5.11.2025

"Buffalo's Tourism Decline: A Canadian Absence"

LAS VEGAS (AP) — For a few hopeful weeks this summer, a bright billboard on the major highway linking Toronto to New York greeted Canadian drivers with a simple message: “Buffalo Loves Canada

LAS VEGAS (AP) — This summer, a cheerful billboard on a primary highway connecting Toronto to New York conveyed a heartfelt message to Canadian travelers: “Buffalo Loves Canada.” This marketing initiative, which featured a $500 gift card giveaway, aimed to welcome Canucks back to Buffalo, showcasing the city's desire to reconnect with its northern neighbors.
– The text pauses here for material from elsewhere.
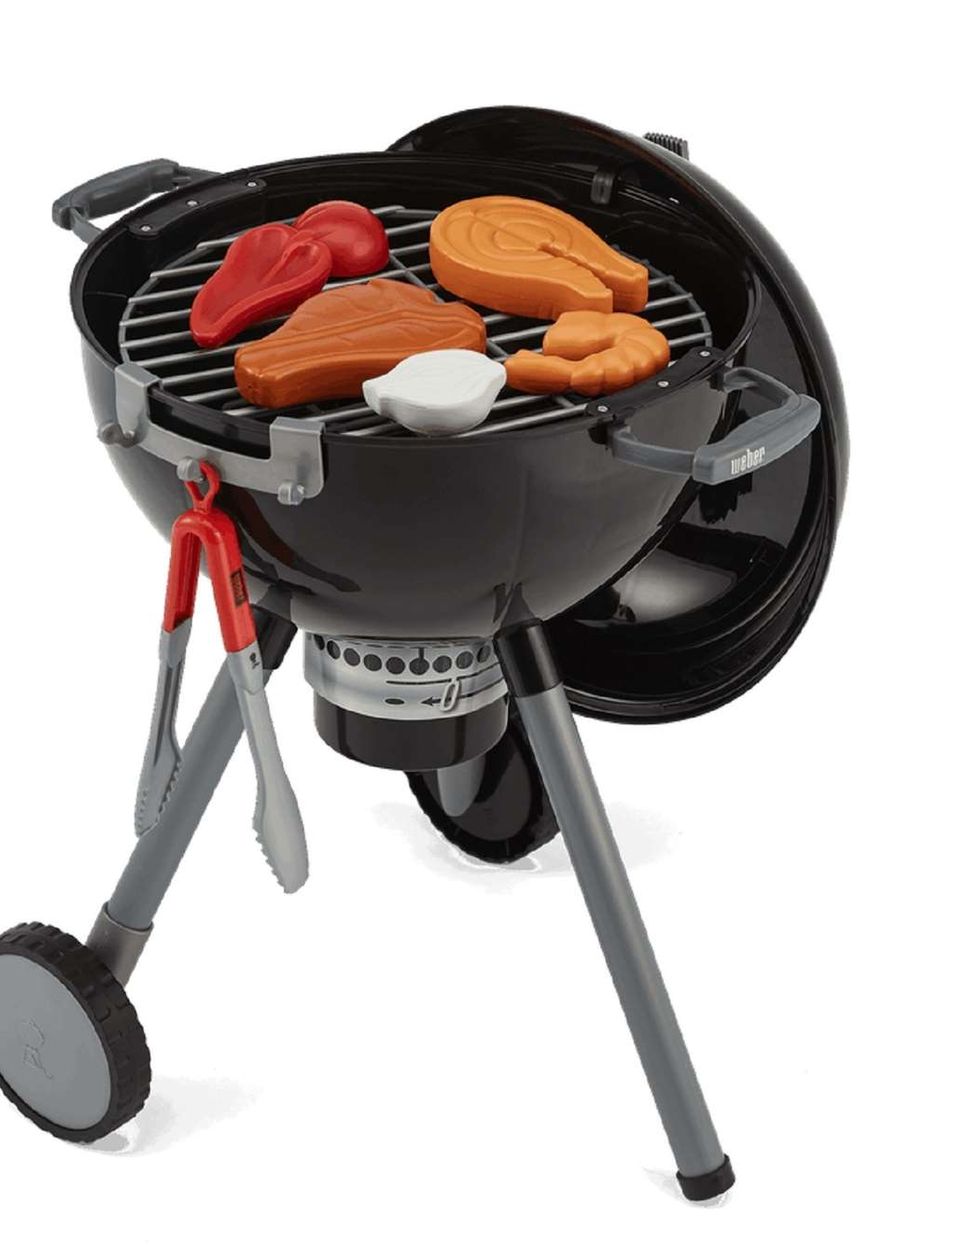 Theo Klein Pretend Play Weber Grill Cooking Set, Black

Patrick Kaler, CEO of Visit Buffalo Niagara, initially saw a promising response with over 1,000 entries in the giveaway. However, by the end of July, a noticeable absence of Canadian tourists reflected a wider downturn in international tourism to the U.S. Throughout the country, from Buffalo to major tourist destinations like Las Vegas and Los Angeles, there were reports of significant declines in foreign visitor numbers during the summer.

This phenomenon has been attributed by experts and local officials to various factors stemming from President Donald Trump's second term. His administration’s tariffs, immigration policies, and negative rhetoric about acquiring Canada and Greenland have reportedly alienated many potential international visitors. Kaler expressed disappointment over the noticeable drop in travel rates, emphasizing the challenges posed by rhetoric that could be changed.
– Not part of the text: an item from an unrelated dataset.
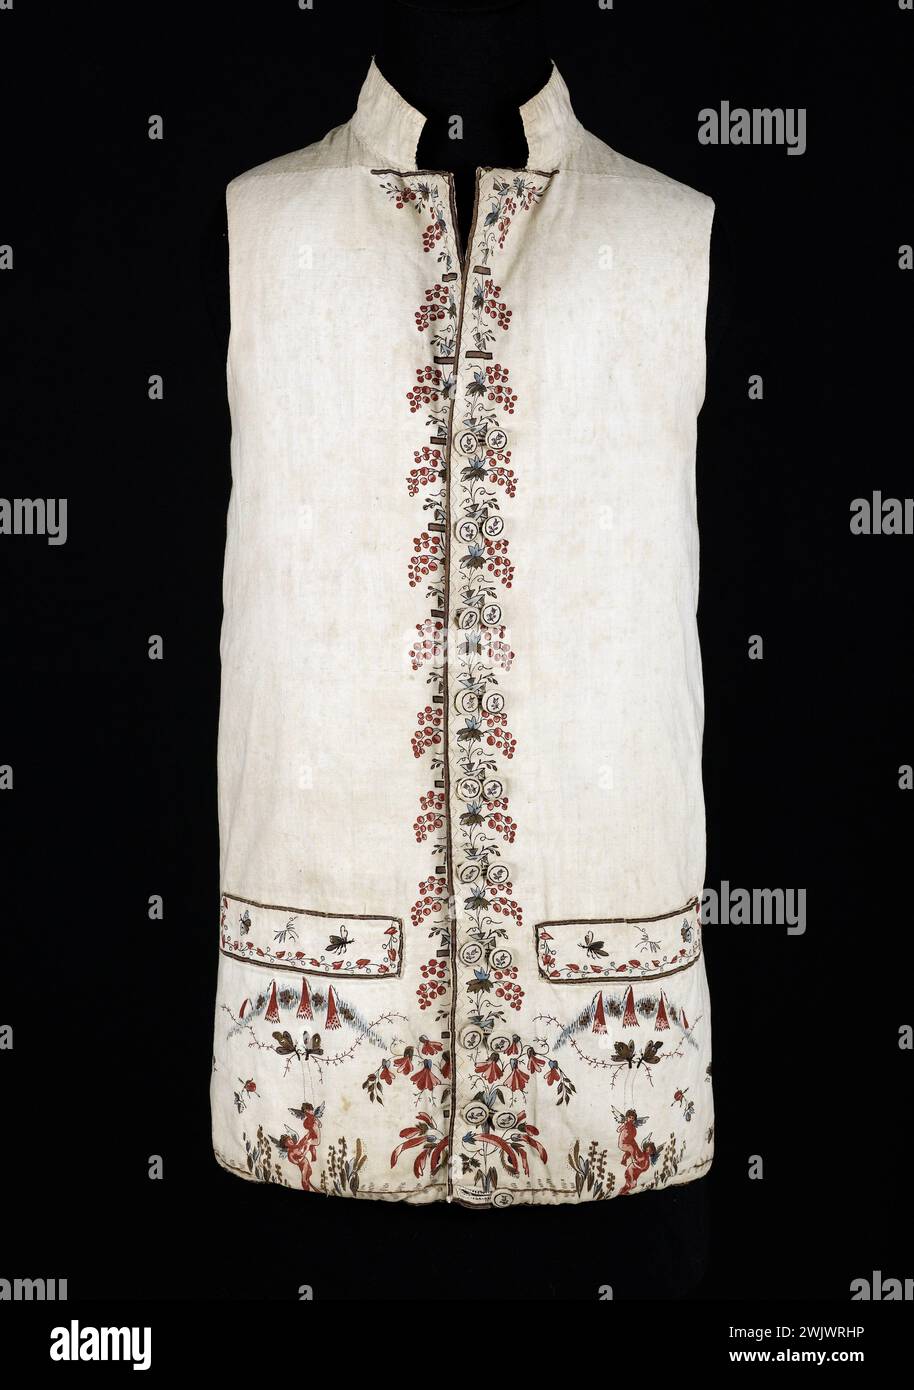 Vest. Canvas, cotton printed with wooden board, five colors, wooden buttons covered with printed fabric, 1785-1795. Galliera, fashion museum of the city of Paris. 53916-4 Cotton, flower, vest, man, print, male mode, canvas, 18th century Stock Photo

The World Travel & Tourism Council has predicted a concerning trend for U.S. tourism, forecasting that the nation will be the only one out of the 184 countries studied to see a decline in foreign visitor spending by 2025. Julia Simpson, the council’s president and CEO, stated that the U.S. is heading in the "wrong direction" while other nations extend welcoming gestures to tourists. In a similarly disheartening report, Tourism Economics estimated an 8.2% drop in international arrivals in 2025, indicating the impact of both domestic and international sentiments against traveling to the U.S.

According to Deborah Friedland from the Eisner Advisory Group, the U.S. travel industry faces significant hurdles such as rising travel costs, political instability, and ongoing geopolitical tensions. The Trump administration has reignited strict policies reminiscent of the first term, including a travel ban affecting several countries and tightening visa regulations, which has further intensified the perception of the U.S. as unwelcoming to foreign visitors.

Some international events have also felt the effects of this perception. For example, organizers of an international swing dance competition in Harlem postponed their event due to concerns that foreign participants would feel unwelcome. Notably, a significant share of the attendees traditionally hails from Canada and France, illustrating how the climate of apprehension affects even cultural exchanges.

Washington, D.C., also reported declining international tourism, with tourism officials projecting a 5.1% drop in visitors for the year. Marketing efforts have been shifted to counteract the negative narrative by showcasing the positive aspects of the city through resident stories. Overall, U.S. government data indicates a decrease of over 3 million international visitors compared to the previous year.

While Western Europe saw a 2.3% decline in visitors, notable drops were recorded from Denmark, Germany, and France. The Asian market also witnessed steep declines, with travelers from countries like Hong Kong and the Philippines showing reduced interest in visiting the U.S. Conversely, some nations such as Argentina and Brazil recorded an increase in visitor numbers.

Despite the downturn, some destinations in the U.S. experienced a boom in local tourism. For instance, the Door Peninsula in eastern Wisconsin benefitted from a surge of Midwest visitors, leading to bustling businesses and packed restaurants. Major U.S. airlines reported increasing demand for domestic flights, with airline bookings up by about 2% compared to the previous year for the Labor Day weekend, expected to be the busiest in 15 years.

However, the impact of absent Canadian tourists remains palpable in Buffalo, which saw over 20.2 million visitors from Canada the previous year—more than from any other country. Data indicated a significant shift, with more U.S. residents traveling into Canada than vice versa for the first time in nearly twenty years, aside from the pandemic period. By July, Canadian car trips to the U.S. dropped by 37%, with a 26% reduction in air travel as well.

In response to these developments, Visit Buffalo Niagara has adjusted its marketing strategies, turning its focus toward cities like Boston, Philadelphia, and Chicago. They also leveraged amateur children's sports events to compensate for the loss of Canadian tourists. Kaler reassured that Canadians are valued beyond their economic contribution, expressing hopes for their eventual return when circumstances improve.